Ela foi forçada a se casar com um homem que não conhecia, Fawzy Mohamed, no começo do ano, depois que a fábrica de batatas fritas onde seu pai trabalhava, em Sanaa, foi destruída em um ataque aéreo da coalizão saudita, apoiada pelos EUA.
"Incapaz de conseguir um novo emprego e tendo que sustentar a família sozinho, ele aceitou a oferta de US$1.300 de Mohamed", contou a menina.
Ela nunca havia visto o marido, um primo distante, antes de entrar em um ônibus com um parente para uma viagem de uma hora rumo à sua cidade natal, levando apenas a roupa do corpo. No caminho, ficou sabendo que Mohamed trabalhava como lixeiro, além de já ter outra esposa e filho.
Não houve cerimônia de casamento.
"Quando cheguei lá, Fawzy mandou que eu me despisse. Eu me recusei, então ele começou a me bater e chutar", disse Mohsina.
Depois que conseguiu fugir, a menina voltou para Sanaa, onde mora com a família de Maged al-Ajmal, rico líder tribal que converteu um dos quartos de sua casa em um abrigo informal para meninas que foram abusadas. Ele conta que, a cada seis meses, recebe cerca de 10 meninas fugindo de casamentos forçados. Mohsina é a sétima a chegar este ano.

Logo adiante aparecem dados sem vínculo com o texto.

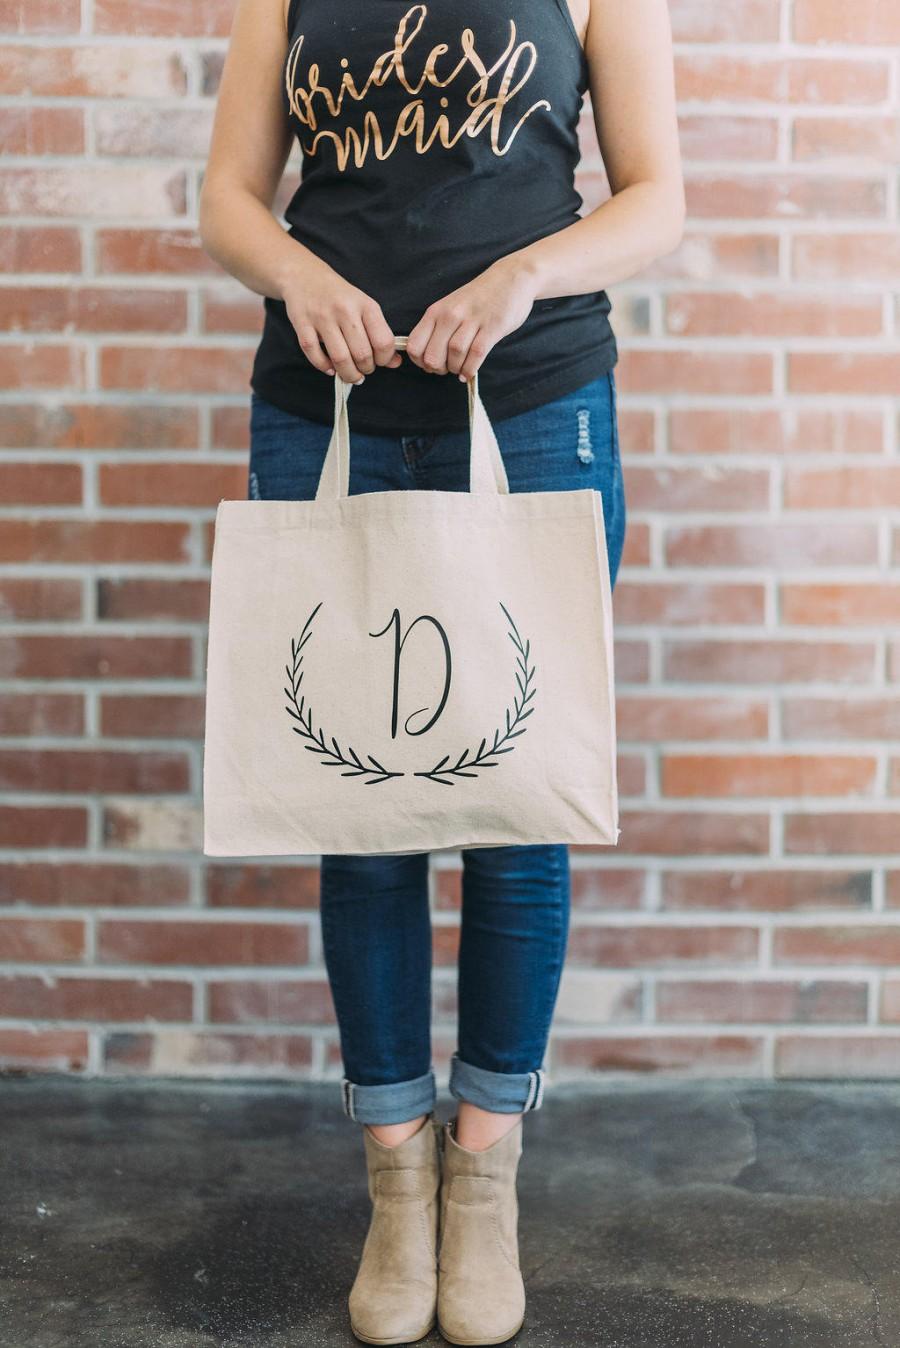 Mariage - Custom Tote, Personalized Tote, Bridesmaid Tote Bag, Bridal Party Totes, Bridesmaid Tote Bag, Initial Tote, Bridal Tote, Bridesmaid Bag

Ela disse que seu pai se recusou a recebê-la de volta, pois isso o forçaria a devolver o dote. Por isso, al-Ajmal está tentando levantar dinheiro para que o marido aceite se divorciar. "O que fizeram com ela a destruiu psicologicamente", disse al-Ajmal.
Nem o pai, nem o marido foram achados para comentar sobre a situação.
Meninos soldados
A guerra também acabou com a infância de meninos. Muitas crianças soldados foram enviadas às frentes de combate por pais empobrecidos, que necessitavam do parco salário de seus filhos – US$55 a cada três meses, dinheiro suficiente para alimentar uma família de cinco pessoas por duas semanas.
Antes da guerra, as Nações Unidas documentaram cerca de 900 crianças soldados no Iêmen; hoje, há quase 1,8 mil, segundo Relano. O número efetivo pode ser bem maior.
"Só me juntei à guerra porque não aguentava mais dormir o dia todo. Muitos dos meus colegas da escola são hoje meus companheiros", disse um soldado de 17 anos que se uniu aos houthis na província de Saada, próxima da fronteira saudita.
Ele e seu pai, funcionário público, falaram na condição de anonimato, com medo de represálias dos rebeldes, que negam a presença de crianças em suas fileiras.
"Ele acha que não há alternativa. E também sabia que eu não tinha dinheiro, e queria ajudar", contou o pai.
Direitos infantis
Assim como acontece com os casamentos precoces, os defensores dos direitos infantis dizem que a guerra dificulta a definição da extensão do uso de crianças soldados, mas acreditam que houve um aumento nos últimos anos, e que isso é mais comum entre os houthis do que entre outros grupos armados.
Os ativistas dizem que o recrutamento infantil é discreto, incluindo crianças com bem menos de 18 anos, ignorando as restrições de idade mínima para o serviço militar.
"Os oficiais dizem aos meninos que eles não podem ser considerados homens nem iemenitas se não se juntarem à luta. É uma coisa cruel de se fazer com as crianças porque elas não entendem os riscos, e se sentirão inúteis se não forem lutar ao lado dos amigos", lamentou o pai.